Freeport says it has already performed a full PSSR of Train 2, identified and completed corrective work necessary to safely restart the unit, and is ready to do so. PSSR of Train 1 and any necessary corrective work will follow.
The company last year, but before the explosion, requested a 26-month FERC extension to put 5.1-million tpy Train 4 in service.
Coastal GasLink 83% complete, costs increase
TC Energy Corp. has updated cost estimates for its 2.1-bcfd Coastal GasLink natural gas pipeline in Western Canada, ascribing the adjustments to material cost pressures that include shortages of skilled labor, impacts of contractor underperformance and disputes, and unexpected events like drought conditions and resulting erosion and sediment control problems.

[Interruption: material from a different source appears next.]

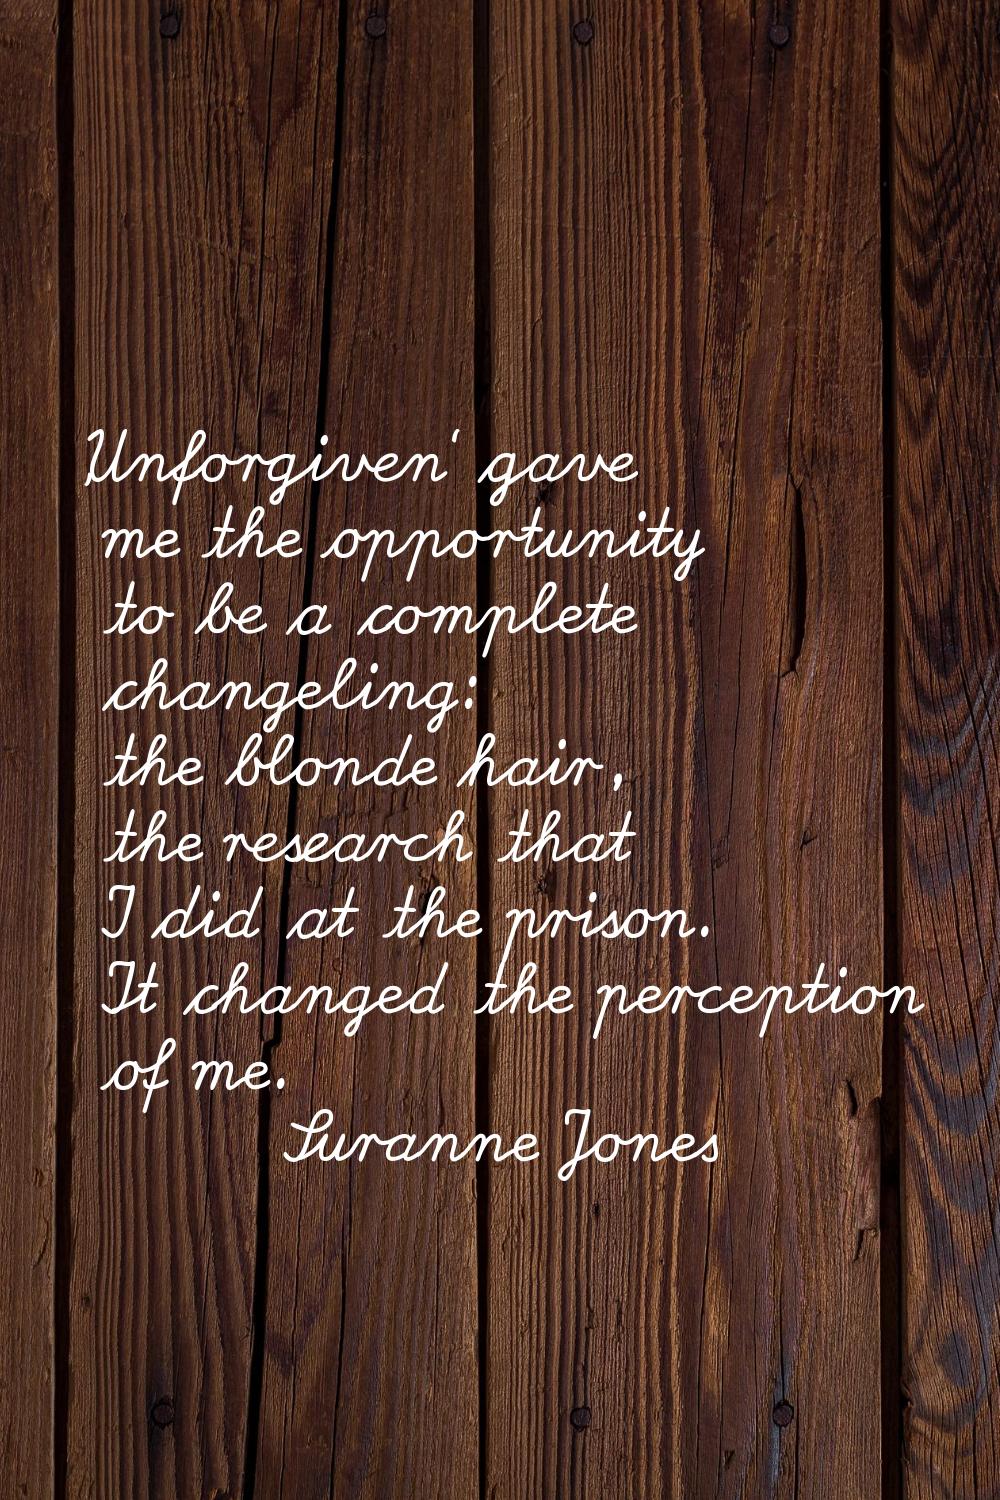 'Unforgiven' gave me the opportunity to be a complete changeling: the blonde hair, the research tha

The company now expects Coastal GasLink to cost C$14.5 billion ($10.9 billion), up from C$11.2 billion.
Coastal GasLink is about 83% complete, according to TC Energy. The entire route has been cleared, grading is more than 94% complete, and more than 485 km of the 670-km, 48-in. OD pipeline has been backfilled, with restoration activities under way in many areas.
Commissioning has started at Wilde Lake compressor and meter station at Groundbirch, BC, with introduction of natural gas expected in March. Coastal GasLink is expandable to 5 bcfd with the addition of compression along its route and subject to permitting. The pipeline will supply the 14-million tonne/year LNG Canada liquefaction plant under development in Kitimat, BC.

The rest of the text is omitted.